The use of placebos in medicine raises a large number of serious ethical issues. Do they involve deceiving patients, or violating their autonomy in some way? Are they harmful to certain patients, in research trials where the actual treatment being trialled is thought likely to be successful? Can placebos – if medically warranted – be funded through a health care budget? All these questions require us to be able to say what a placebo is, and that is more tricky than one might think.
In ‘What counts as a placebo is relative to a target disorder and therapeutic theory: defending a modified version of Grünbaum’s scheme’, a fascinating lecture given at Oxford in the St Cross Special Ethics Seminar series on Thursday 12 June, Dr Jeremy Howick began by asking his audience to think of their own definition of a placebo. He then went through the various definitions that have been offered in recent years – including that in the Oxford English Dictionary – and noted problems with each. At this point, he asked the audience whether anyone’s definition was still standing: no one responded.
Howick then presented his own account of a placebo, a development of that offered by Grünbaum in the 1980s. On this kind of view, medical interventions can be said to have both ‘characteristic’ and ‘incidental’ features. Consider Prozac: its characteristic feature is the chemical fluoxitene, while its incidental features in any particular form would include, for example, the bulking agent used in making the pill. If Prozac is administered to a depressed patient, and that patient’s health improves as a result of the fluoxitene, then the treatment is not a placebo. But if a sugar pill is administered, then any improvement can be put down as the effect of a placebo.
A wide-ranging and lively discussion followed, concerning issues such as the measurement of outcomes in cases involving possible placebos, Bruce Moseley’s fake knee surgery, deception and consent, the role of belief and expectation in complementary medicine, and reporting bias in research.
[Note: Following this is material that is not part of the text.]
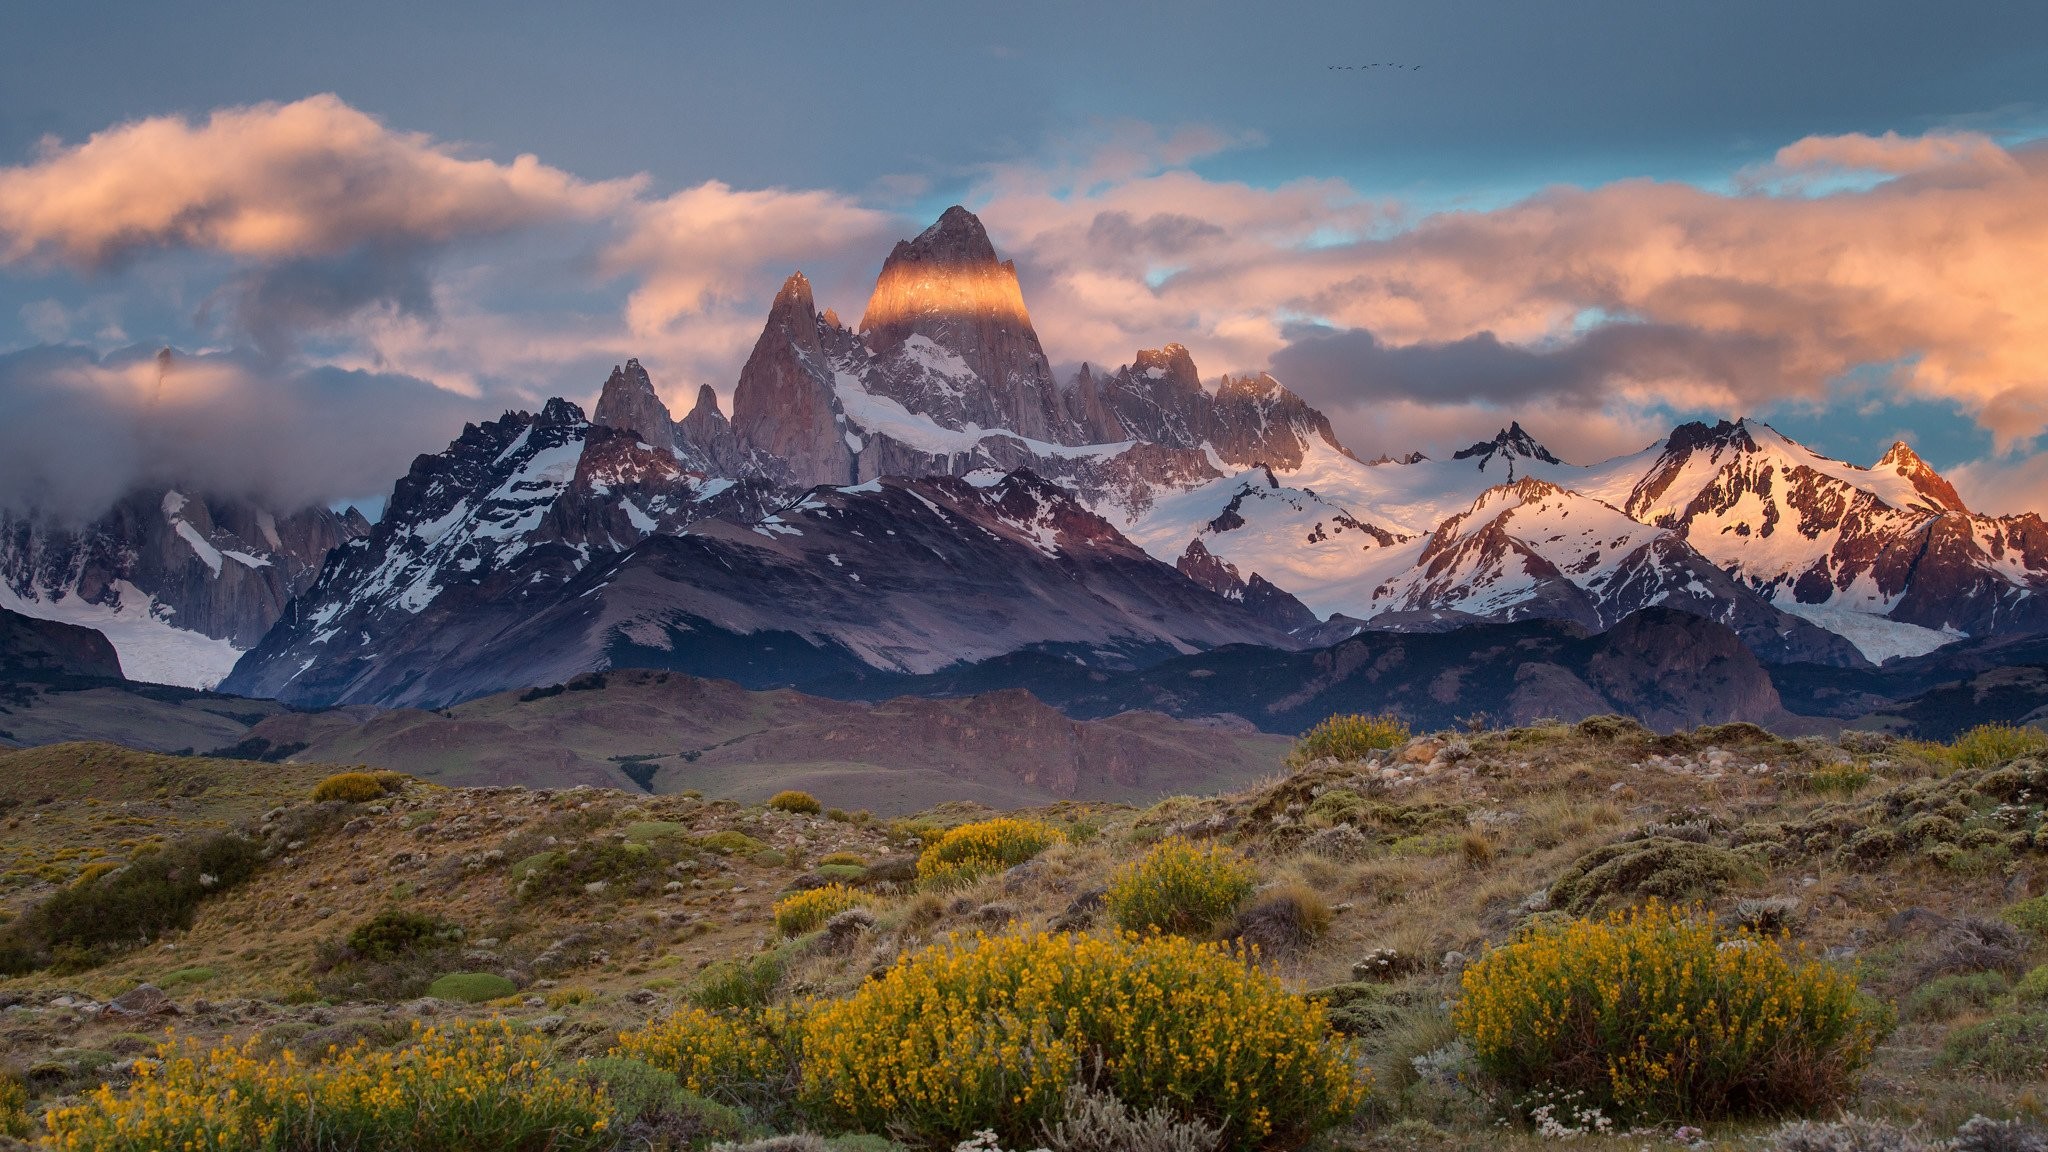 2048x1152 high definition,argentina, patagonia monte, mount, cool, desert, side,  fitz, chile, sight, mountain view,hd wallpaper, border, roy Wallpaper HD

The main message I took away from Howick’s talk was that it is a mistake to think that what seem to be placebos can have no therapeutic effect. Consider standard versus ‘fake’ knee surgery. If both are effective, then we seem to have two different kinds of treatment, one which operates via physiology, and another that does so through patient beliefs and expectations. But what if we now claim that the ‘characteristic feature’ of fake knee surgery is, say, ‘comforting the patient’, and this leads to relevant improvement in the patient’s health? That would turn fake knee surgery into a ‘standard’ treatment (albeit an unusual one!). So it may be that we can hang onto the common intuition that placebos have no therapeutic effect, though we would have to accept that fake knee surgery (if sufficiently effective) doesn’t count as a placebo after all.